Они ускорили шаг и через полчаса уже сидели в огромном зале филармонии.
Блестящие белые колонны, хрусталь люстр, величественный орган, уют красного бархата, - все, что в течение многих лет было привычно и любимо, наполнило особенной теплотой. И мощный оркестр, знакомый по многим десяткам слышанных здесь произведений, и высокая фигура молодого дирижера, в короткое время ставшего близким всем, кто часто посещал филармонию, - все настраивало на высокий, торжественный лад.

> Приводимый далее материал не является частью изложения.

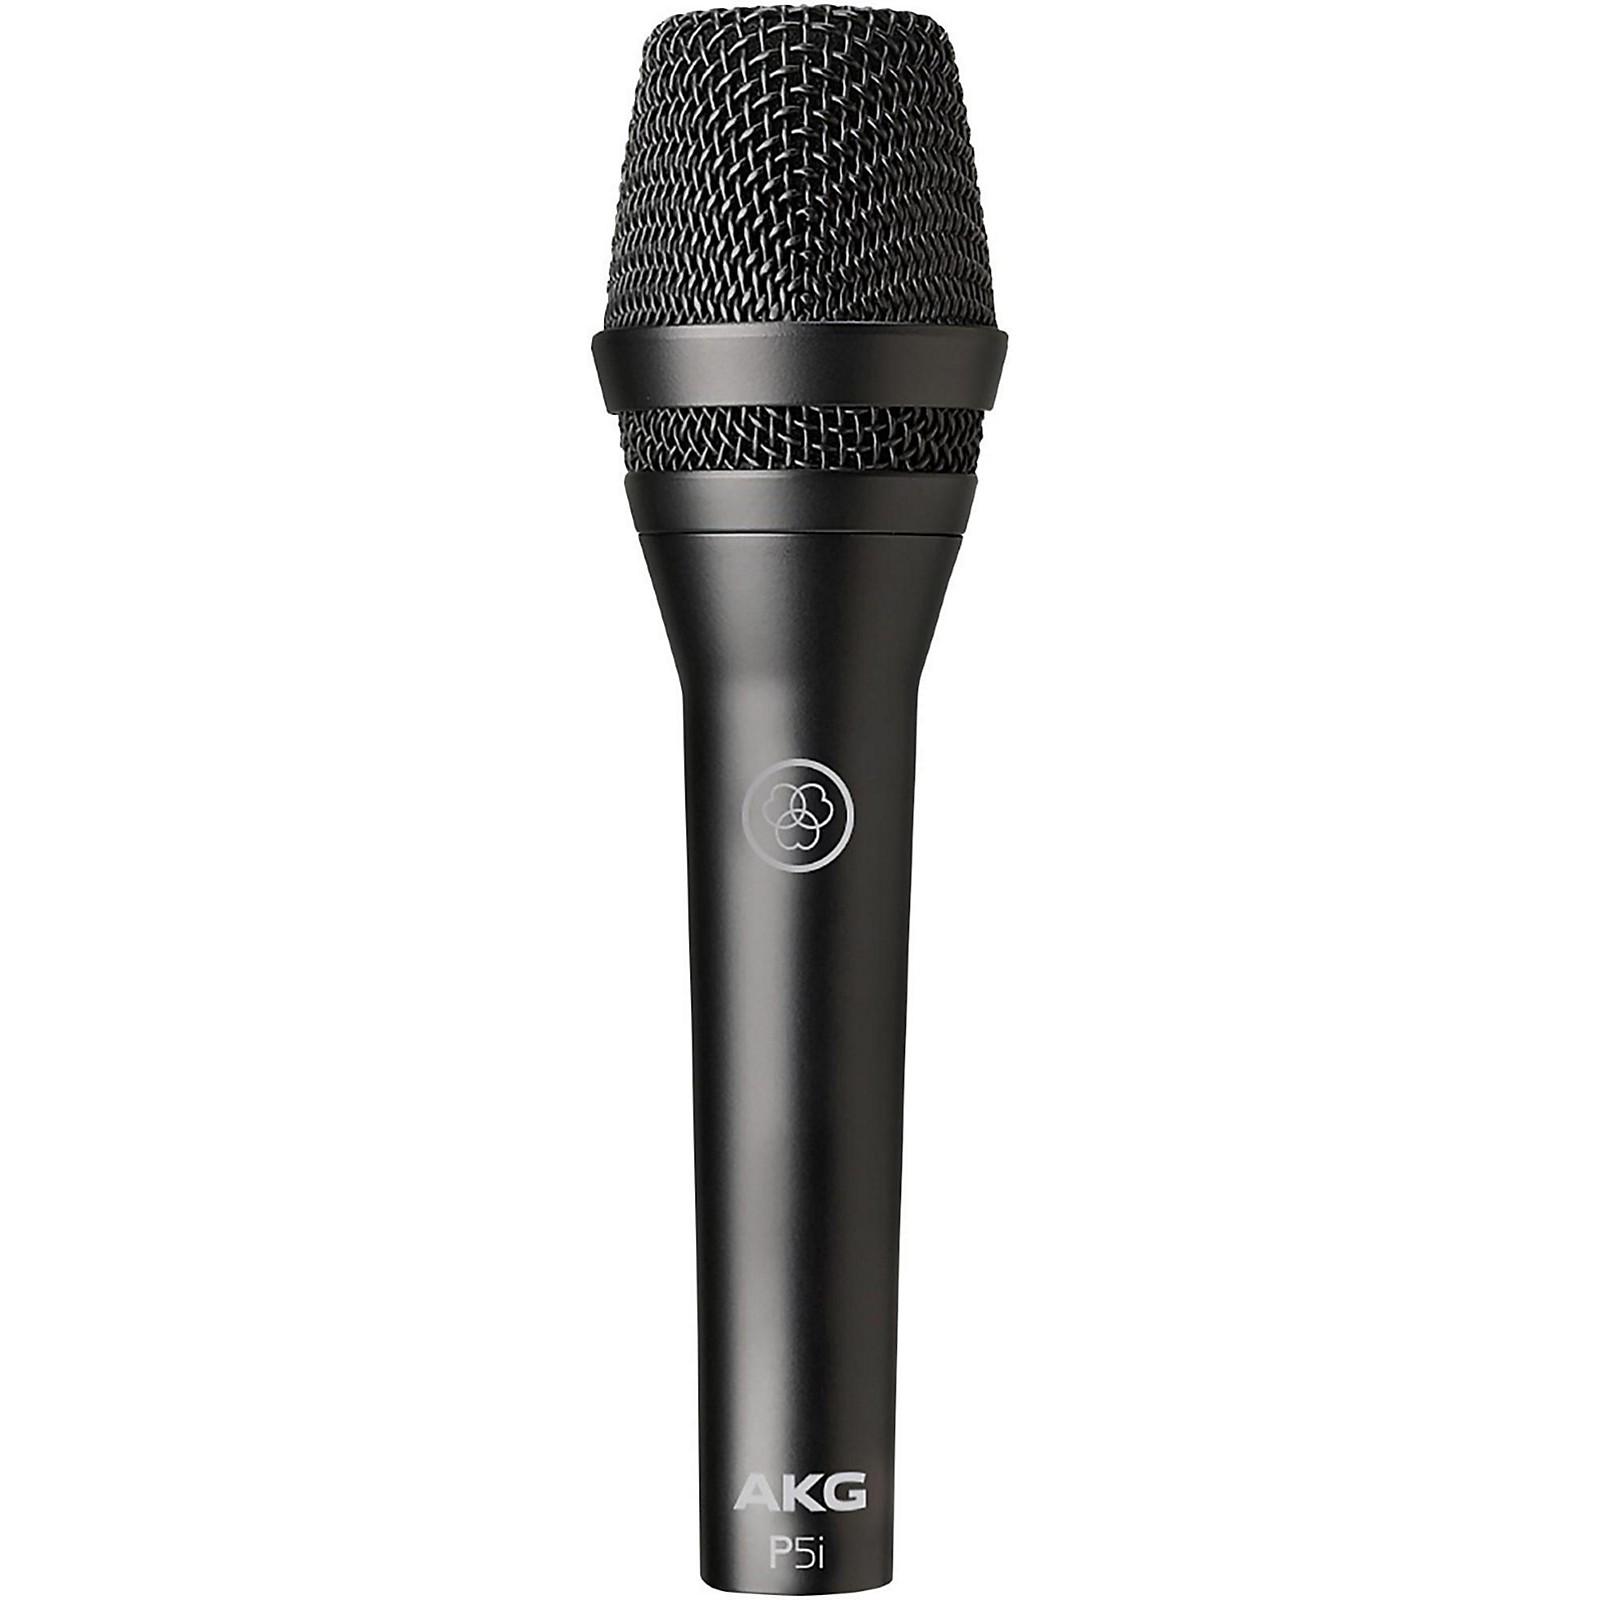 AKG P5i Handheld Vocal Microphone

Юный московский пианист играл второй концерт Рахманинова для рояля с оркестром. При первых же аккордах Костя почувствовал то волнение, которое обычно охватывало его, когда он слушал это произведение. Нежная романтика концерта, вдохновенная лиричность, какая-то особенная рахманиновская поэтическая приподнятость уносили его далеко от тяжелых мыслей, от пережитых тревожных минут. Близость Лены вносила успокоение в его истомленное сегодняшним несчастьем сердце. Он на время забыл о Самойлове, отвлекся, и только где-то в далеком уголочке мозга тревожила мысль:
"Как жаль, что все это прекрасное сейчас кончится и опять начнется то, мучительное…"
Они долго не выходили из зала, переполненного восторженно аплодирующей публикой. Потом медленно стали продвигаться по уже затемненному залу, словно не желая расстаться с местом, где пережили такие светлые минуты.
По улице они шли медленно и молчали, не торопясь - как бывало раньше - поделиться впечатлениями. Только у самого дома Лена, прощаясь, сказала просто, как самое обычное:
- Папа в совершенном восторге от тебя, Костик. Он говорит, что в его выпуске нет ни одного такого способного врача. Он очень сожалеет, что ты не хирург…
Костя зло усмехнулся:
- Он еще ничего не знает о моем дебюте.
- Ах, какие ты глупости говоришь! Да ведь больной был безнадежен. Он мог умереть еще до твоего прихода в клинику.
- Нет, Лена, ты не можешь этого понять! Надо самому это пережить…
- Ты ведешь себя как неврастеник! - говорила она убежденно, даже сердито. - Не смей больше об этом думать!
Но Костя не мог не думать об этом.
"Нет, я не неврастеник. Я - врач, я не хочу, чтобы человек, которому осталось много лет до естественной смерти, умер только потому, что он имел несчастье заболеть. Я хочу вылечить своего больного… Это моя обязанность… Я врач".
IV
Жизнь клиники шла обычным чередом. Одни больные поправлялись совсем, "начисто выздоравливали", как говорила Домна Ивановна, и выписывались, довольные и благодарные. Другие, с тяжелыми хроническими болезнями, отдохнув, набравшись сил, уходили лишь "подлеченные", как называла их все та же Домна Ивановна. Третьи задерживались надолго или уходили домой, как пришли в клинику, - слабые и нетрудоспособные. Четвертые… Но о них Костя не любил думать.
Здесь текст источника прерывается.